State Recv-Q Send-Q Local Address:Port Peer Address:PortProcess
LISTEN 0 128 127.0.0.1:15080 0.0.0.0:*
LISTEN 0 128 *:15006 *:*
LISTEN 0 128 *:15001 *:*
LISTEN 0 128 *:15008 *:*
Check the iptables rules setup
To view the iptables rules setup inside one of the application pods, execute this command:
$ kubectl debug $(kubectl get pod -l app=curl -n ambient-demo -o jsonpath='{.items[0].metadata.name}') -it --image gcr.io/istio-release/base --profile=netadmin -n ambient-demo -- iptables-save
Defaulting debug container name to debugger-m44qc.

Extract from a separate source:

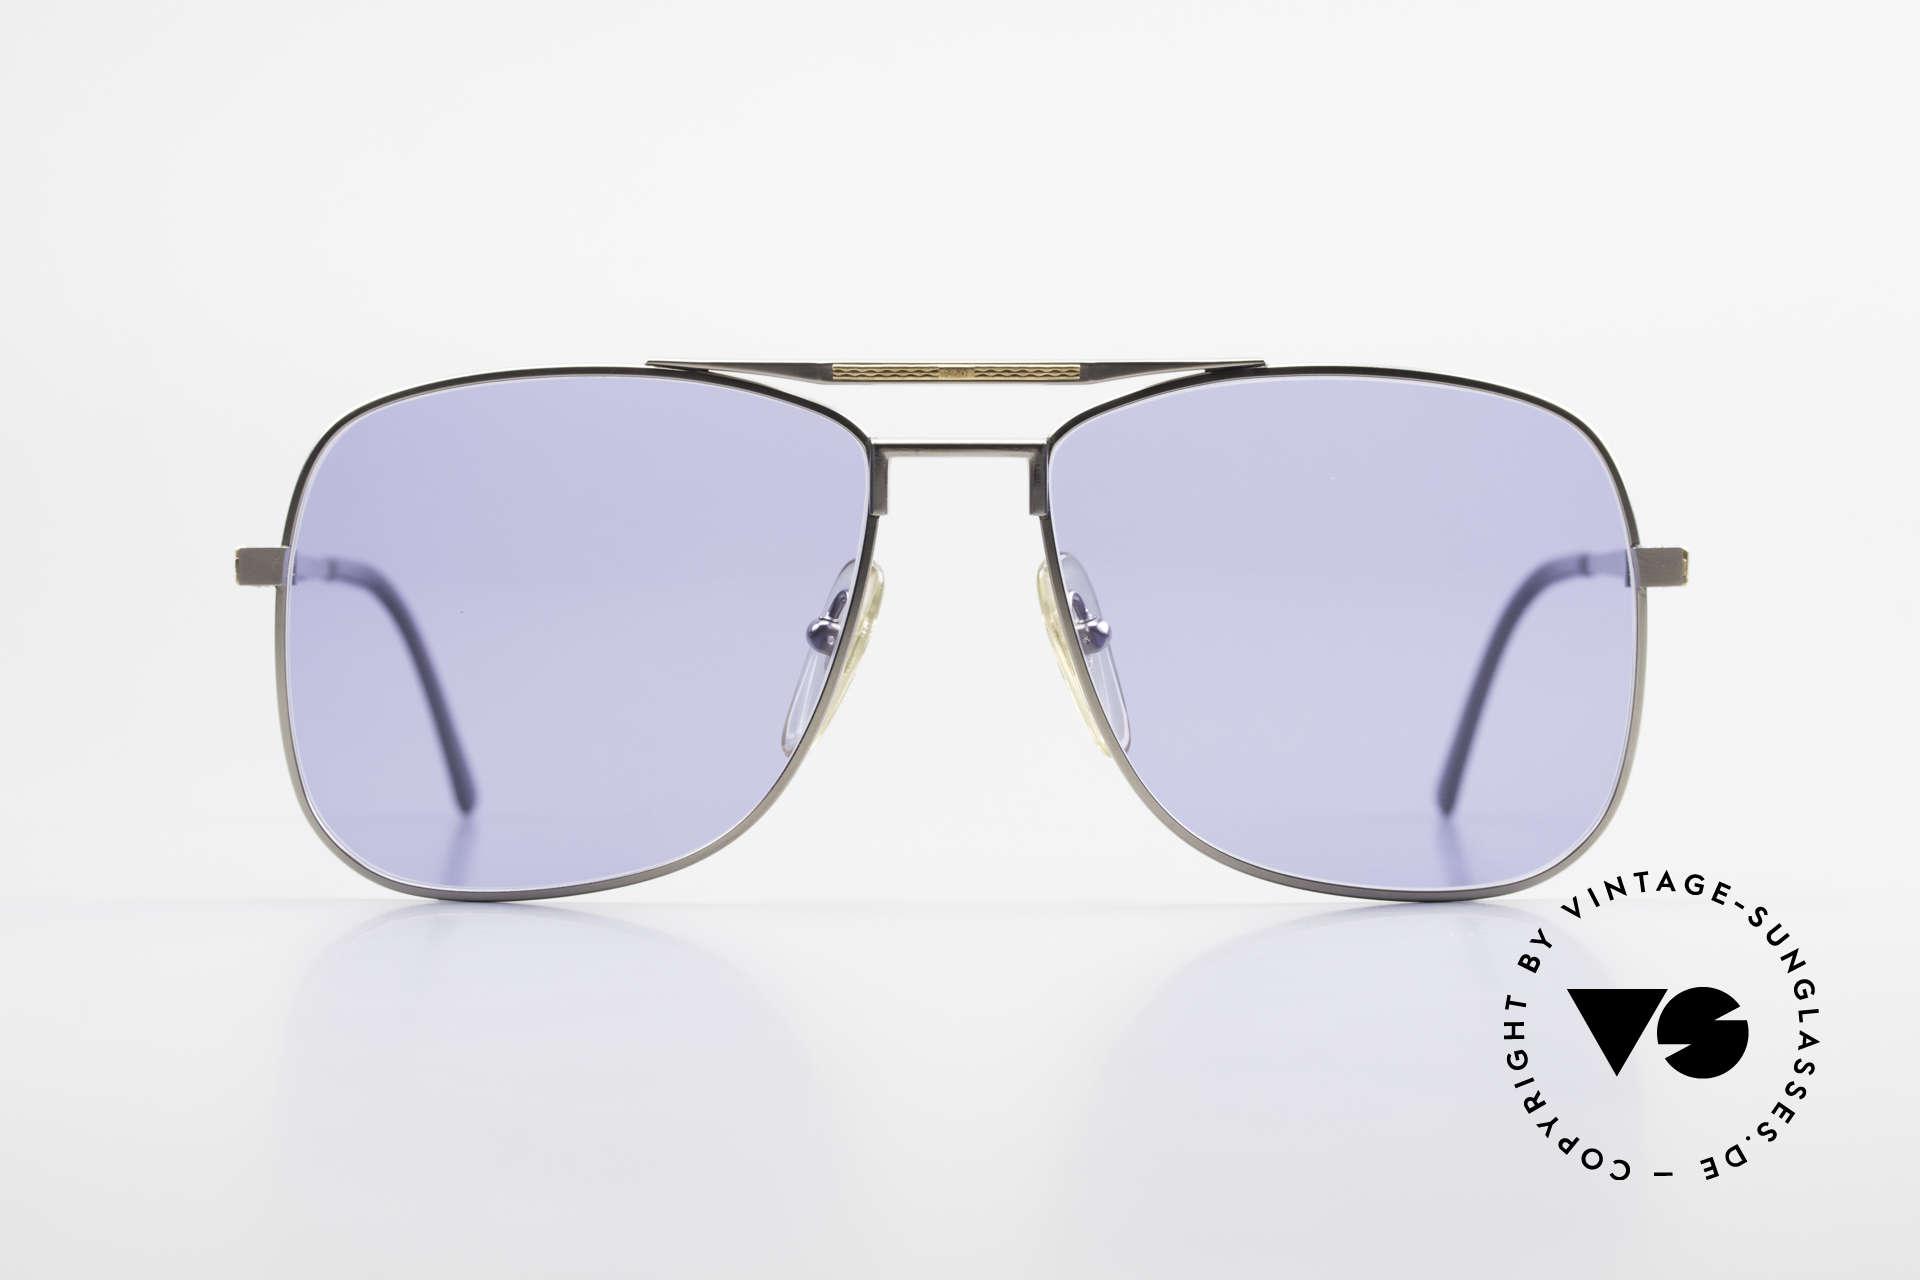 Dunhill 6038 18kt Gold Titanium 80er Brille, edler & hochwertiger geht's nicht - muss man fühlen!, Passend für Herren

# Generated by iptables-save
*mangle
:PREROUTING ACCEPT [320:53261]
:INPUT ACCEPT [23753:267657744]
:FORWARD ACCEPT [0:0]
:OUTPUT ACCEPT [23352:134432712]
:POSTROUTING ACCEPT [23352:134432712]
:ISTIO_OUTPUT - [0:0]
:ISTIO_PRERT - [0:0]
-A PREROUTING -j ISTIO_PRERT
-A OUTPUT -j ISTIO_OUTPUT
-A ISTIO_OUTPUT -m connmark --mark 0x111/0xfff -j CONNMARK --restore-mark --nfmask 0xffffffff --ctmask 0xffffffff
-A ISTIO_PRERT -m mark --mark 0x539/0xfff -j CONNMARK --set-xmark 0x111/0xfff
-A ISTIO_PRERT -s 169.254.7.127/32 -p tcp -m tcp -j ACCEPT
-A ISTIO_PRERT ! -d 127.0.0.1/32 -i lo -p tcp -j ACCEPT
-A ISTIO_PRERT -p tcp -m tcp --dport 15008 -m mark ! --mark 0x539/0xfff -j TPROXY --on-port 15008 --on-ip 0.0.0.0 --tproxy-mark 0x111/0xfff
-A ISTIO_PRERT -p tcp -m conntrack --ctstate RELATED,ESTABLISHED -j ACCEPT
-A ISTIO_PRERT ! -d 127.0.0.1/32 -p tcp -m mark ! --mark 0x539/0xfff -j TPROXY --on-port 15006 --on-ip 0.0.0.0 --tproxy-mark 0x111/0xfff
COMMIT
# Completed
# Generated by iptables-save
*nat
:PREROUTING ACCEPT [0:0]
:INPUT ACCEPT [0:0]
:OUTPUT ACCEPT [175:13694]
:POSTROUTING ACCEPT [205:15494]
:ISTIO_OUTPUT - [0:0]
-A OUTPUT -j ISTIO_OUTPUT
-A ISTIO_OUTPUT -d 169.254.7.127/32 -p tcp -m tcp -j ACCEPT
-A ISTIO_OUTPUT -p tcp -m mark --mark 0x111/0xfff -j ACCEPT
-A ISTIO_OUTPUT ! -d 127.0.0.1/32 -o lo -j ACCEPT
-A ISTIO_OUTPUT ! -d 127.0.0.1/32 -p tcp -m mark ! --mark 0x539/0xfff -j REDIRECT --to-ports 15001
COMMIT
The command output shows that additional Istio-specific chains are added to the NAT and Mangle tables in netfilter/iptables within the application pod’s network namespace. All TCP traffic coming into the pod is redirected to the ztunnel proxy for ingress processing. If the traffic is plaintext (destination port != 15008), it will be redirected to the in-pod ztunnel plaintext listening port 15006. If the traffic is HBONE (destination port == 15008), it will be redirected to the in-pod ztunnel HBONE listening port 15008. Any TCP traffic leaving the pod is redirected to ztunnel’s port 15001 for egress processing, before being sent out by ztunnel using HBONE encapsulation.